The AVDA’s numbers of associate members, which include pharmaceutical companies, likewise are affected by the move toward consolidation. “They keep buying each other up,” said AVDA Executive Director Jackie King.

Not only does that affect the association’s membership, but many of the big associate members have been dependable sponsors of AVDA annual conferences. During a meeting in April reviewing the budget for the 2010 conference, King said, the AVDA board wondered how conservatively to budget, given the economy and changes among drug giants.

"We were all nervous about commitments from our past large sponsors,” she said. “With the Pfizer/Wyeth and Merck/Intervet/Schering Plough deals pending, concern was raised about whether they would continue to be large supporters of the conference as sponsors.”

As it turns out, the sponsorship is on track to exceed previous years’ totals, King said. At last count, the association had promises for $111,000, close to last year’s total of $119,000, with more commitments expected in the new year.

Sponsorships aside, the changing landscape of veterinary distribution remains worrisome to the association. “I do know that my board, which is comprised mostly of my distributor members, is concerned about, where are we going to be in five years?” King said. “What is the industry going to look like? Will there be only five major distributor players? The smaller, regional players, will they still be around?”

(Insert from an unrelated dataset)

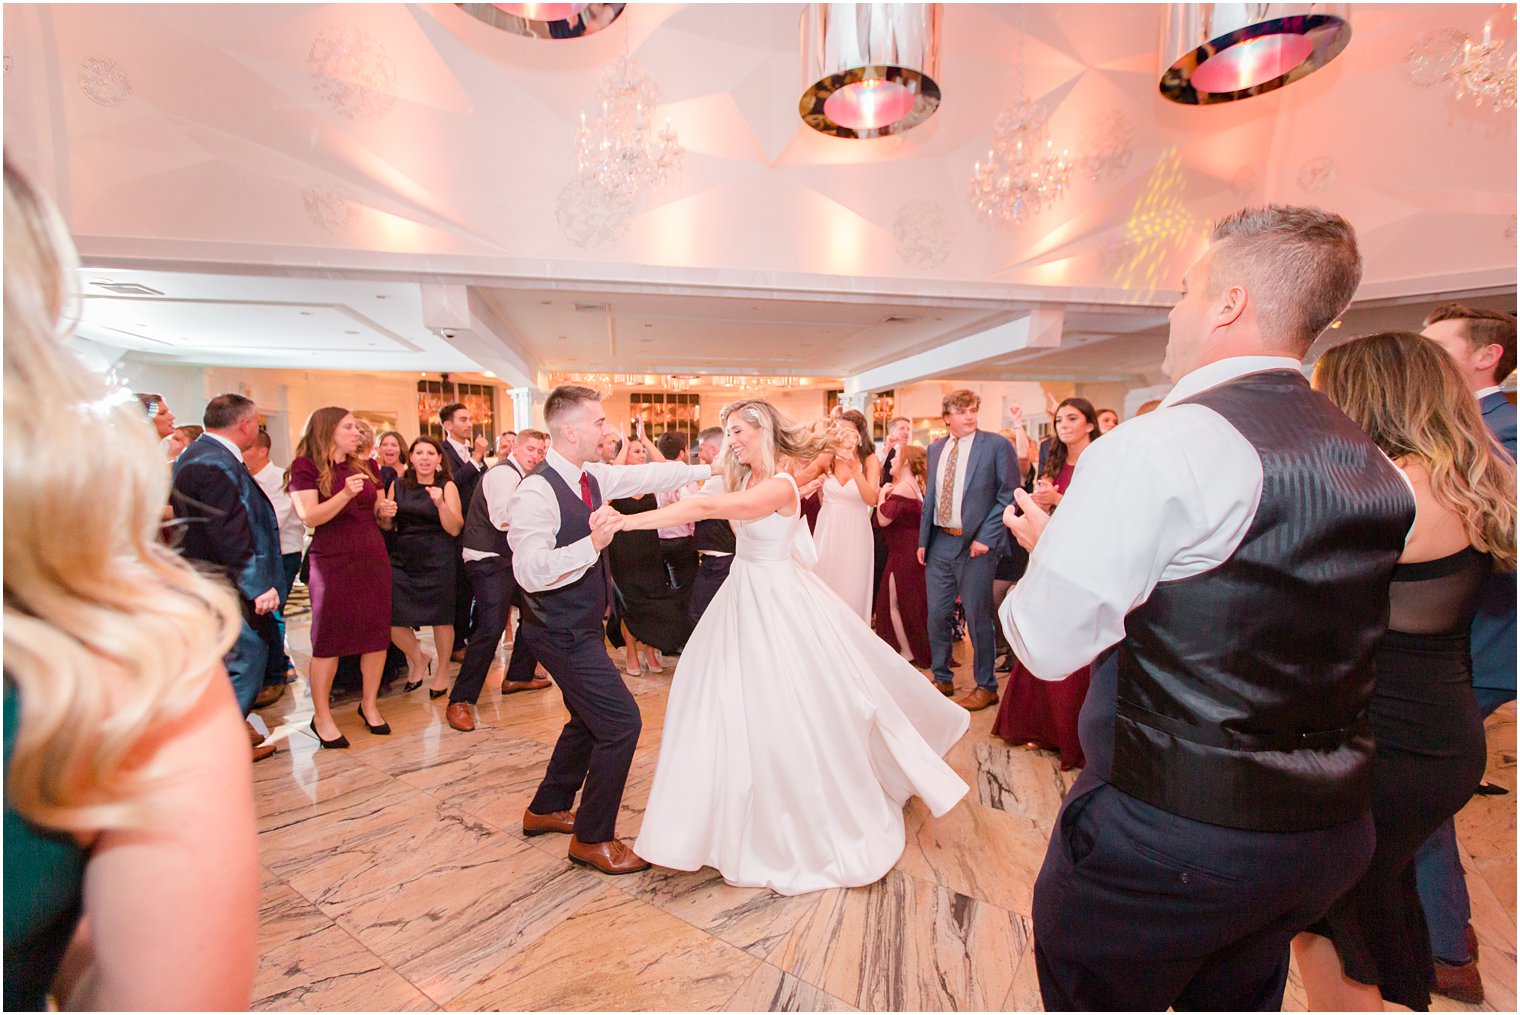 Westmount Country Club Wedding reception fun photographed by Idalia Photography

The changes influence everything from AVDA board composition to mission. AVDA bylaws prohibit more than one representative per company on the association’s board. Every time two companies with board members merge, someone has to step down. “It seems like it happens to us every year!” King said.

More significantly, the AVDA is compelled to consider what kinds of services best serve its ever-changing membership. For example, King said, in the future, the association may need to redesign its networking opportunities for an industry with fewer players. And it may find that the needs of small to mid-size members are quite different from those of large members.

At the moment, King counts six distributors with national reach: Animal Health International Inc., Butler, Lextron Animal Health, MWI Veterinary Supply, Henry Schein and Webster Veterinary.

A variety of regional players still remain. “If you’re a veterinary clinic, you probably can buy from as many as six or seven distributors today,” said Brakke, the consultant.

Of course, those regional players may themselves merge or be bought out over time. King said the growth of already-big companies inevitably affects smaller players. “I think they’re always looked at as a target for acquisition. I think there’s big pressure,” she said. “I anticipate, if it’s not two big guys coming together, it’s going to be big guys buying some of the smaller or medium ones.”